Przeczytaj także
– Cały chodnik na ulicy Panoramicznej, od trawnika aż do ulicy Czarnowskiej, zastawiony jest samochodami, które stoją całymi dniami nie płacąc za postój. Miasto traci pieniądze i nic z tym nie robi – zgłosił nam pan Stanisław.
Sprawa dotyczy terenu za dawnym kinem Romantica, gdzie od blisko dwóch lat stoi płatny parking. Kierowcy jednak znaleźli sposób na darmowy postój i parkują pojazdy na chodniku, gdzie nie ma wyznaczonych miejsc i na zieleńcu, rozjeżdżając w ten sposób trawę.
– Kontrolerzy MZD nie mogą sprawdzać biletów tam, gdzie nie są wyznaczone miejsca parkingowe i gdzie brak znaków informujących o płatnym postoju. Na ulicy Panoramicznej samochody stoją całymi dniami nie płacąc za postój. Jedynie mogłaby tu interweniować straż miejska, ale to nic nie da, bo gdy jeden kierowca odjedzie to na jego miejsce przyjedzie następny. Przy samej ulicy Panoramicznej parkuje dziennie jednocześnie około 30 aut po prostu za darmo… – informuje nas nasz czytelnik.
Zapytaliśmy Miejski Zarząd Dróg, czy są w stanie zlikwidować zaistniały problem. Rzecznik MZD, Jarosław Skrzydło zaznacza, że trwają już prace nad skutecznym rozwiązaniem.
– Rzeczywiście pojazdy parkują tam w pewnym stopniu na zieleńcu, co oczywiście nie powinno mieć absolutnie miejsca. W związku z tym został przygotowany projekt organizacji ruchu – wyjaśnia. Wspomniany projekt zakłada wysłupkowanie przestrzeni zielonej, żeby uniemożliwić nielegalne parkowanie. Odpowiednie przeszkody pojawią się także na wysepkach.

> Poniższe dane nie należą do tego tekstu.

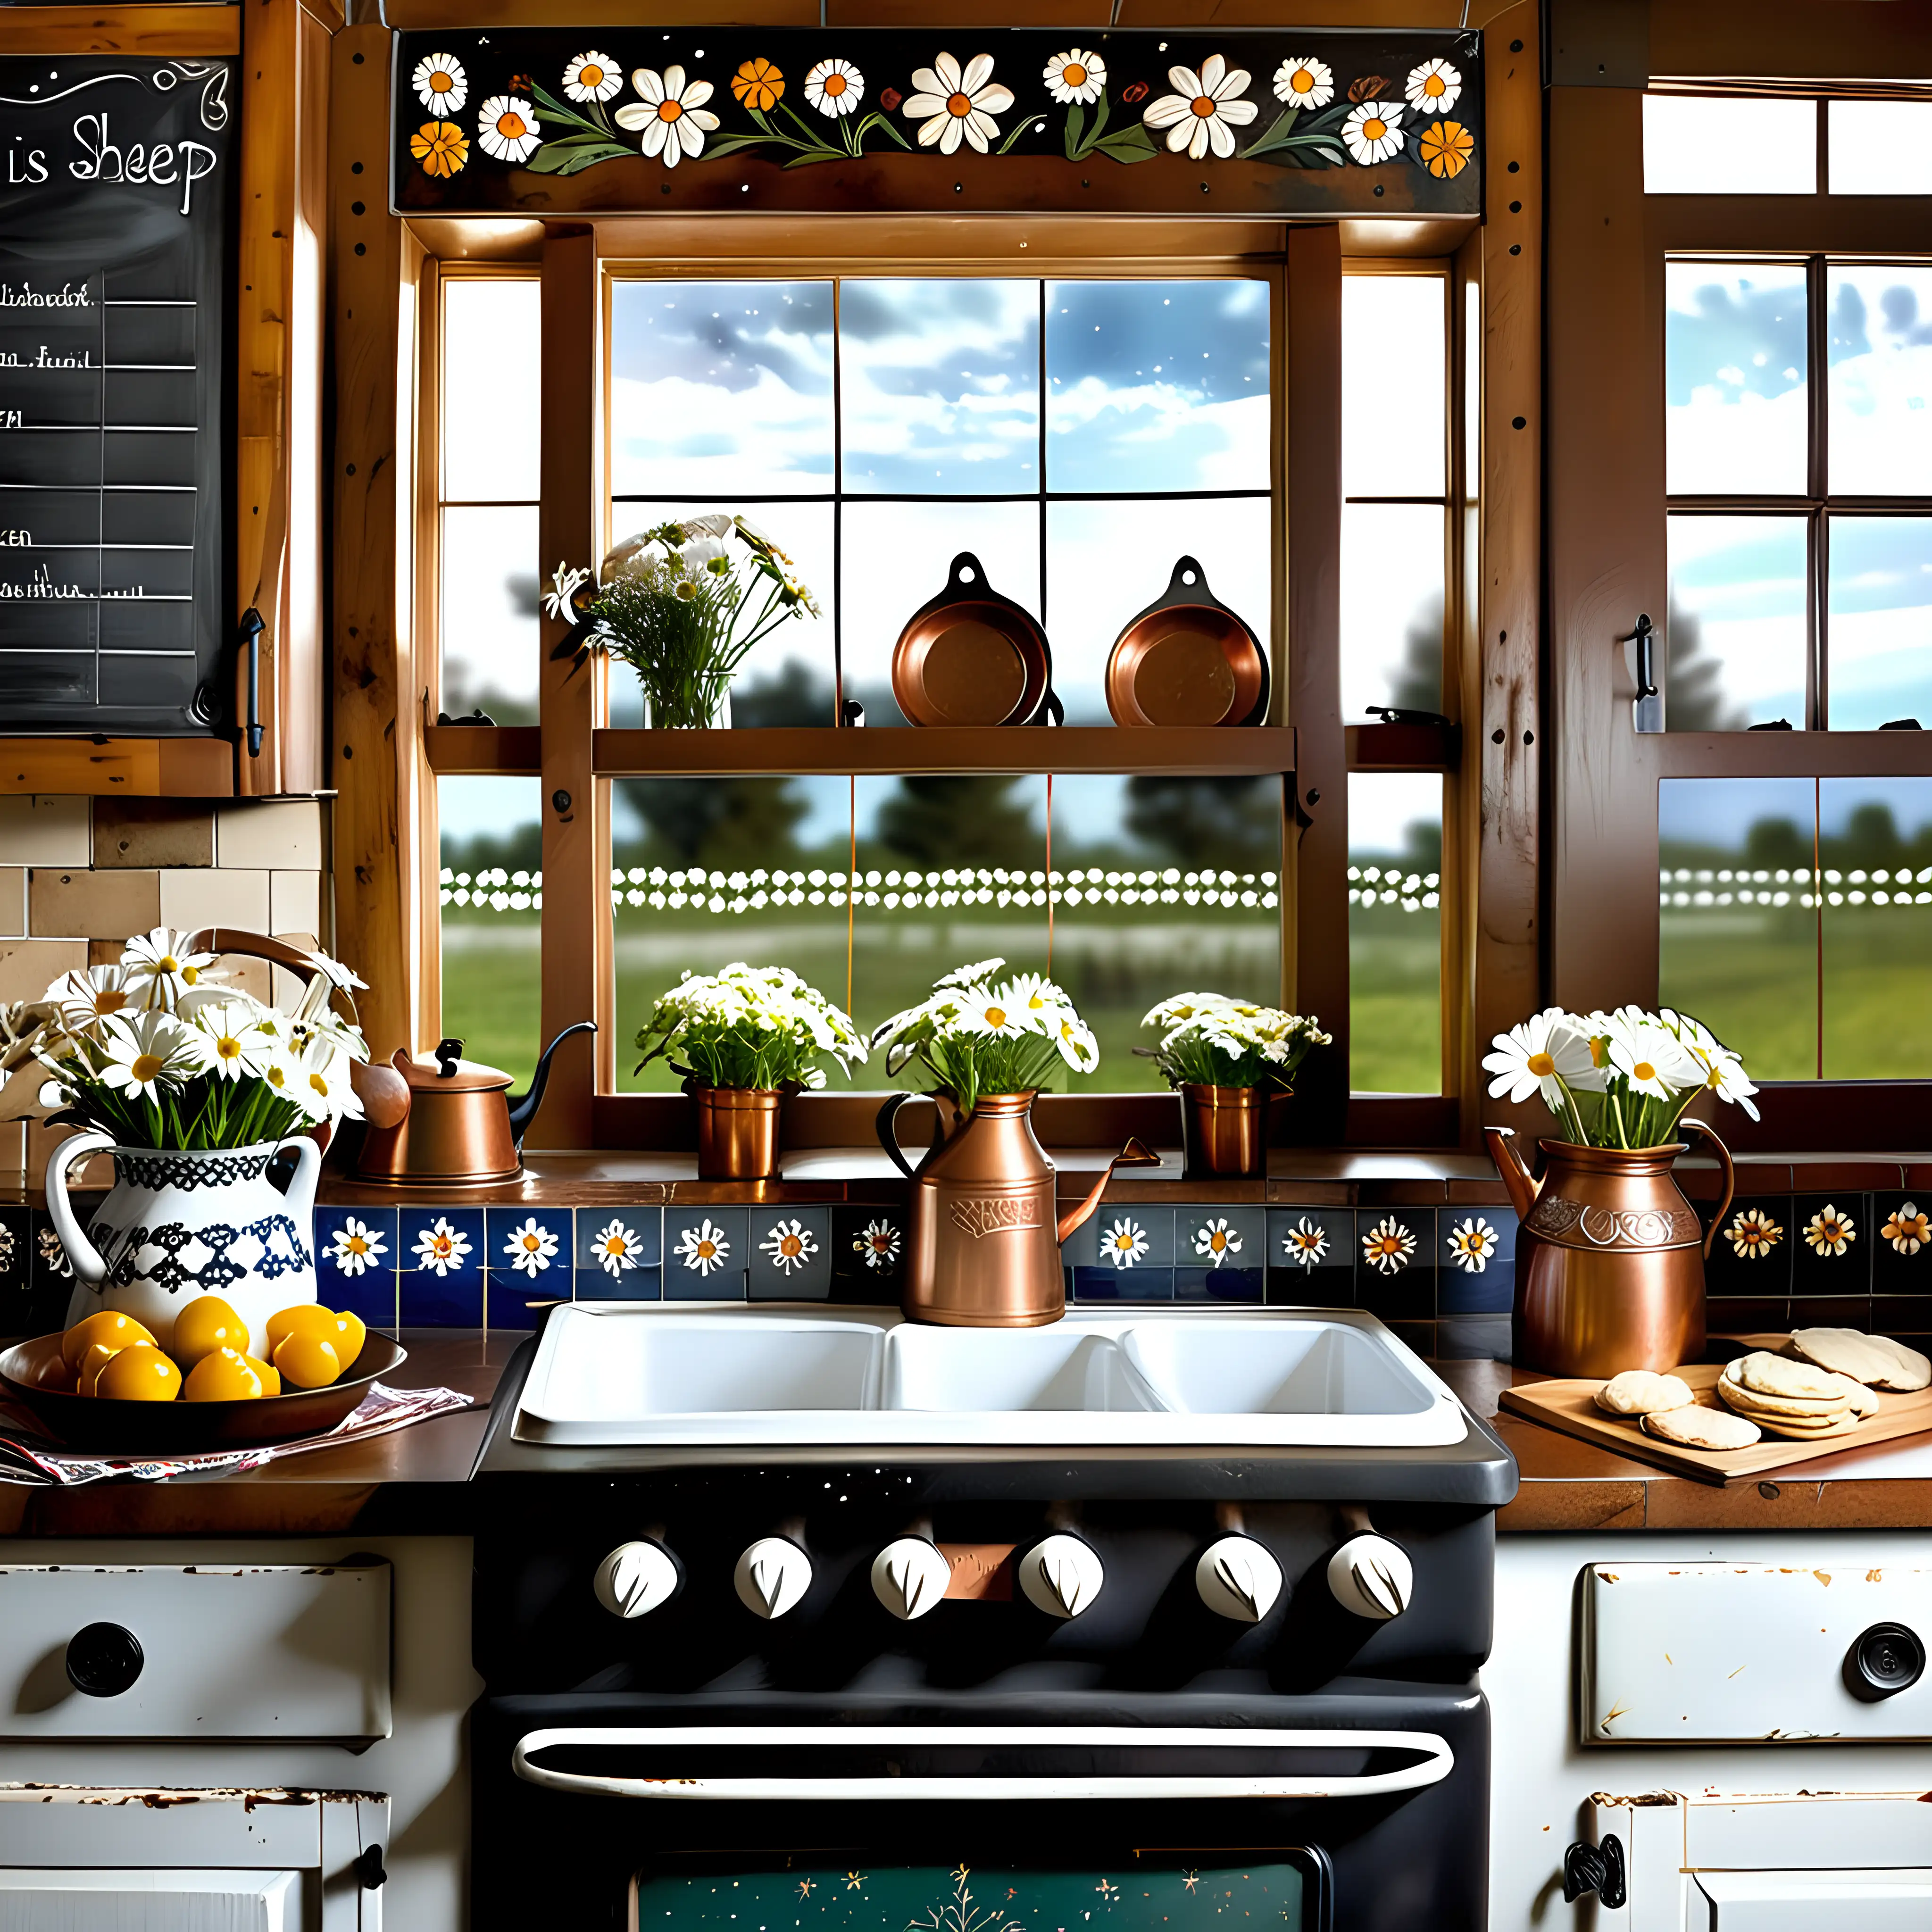 Cozy Rustic Kitchen with HandPainted Tiles and Copper Pots

Co zaś z samymi trawnikami? Rzecznik MZD zapewnia, że zostaną podjęte działania, aby odtworzyć zieleń na tym terenie. – Będziemy się kontaktować z odpowiednimi służbami i myślę, że ten temat również będzie załatwiony – mówi Jarosław Skrzydło.
Zdziwiony całą sytuacją jest radny Kamil Suchański, który od dawna apeluje do władz miasta o zwiększenie miejsc parkingowych w centrum Kielc.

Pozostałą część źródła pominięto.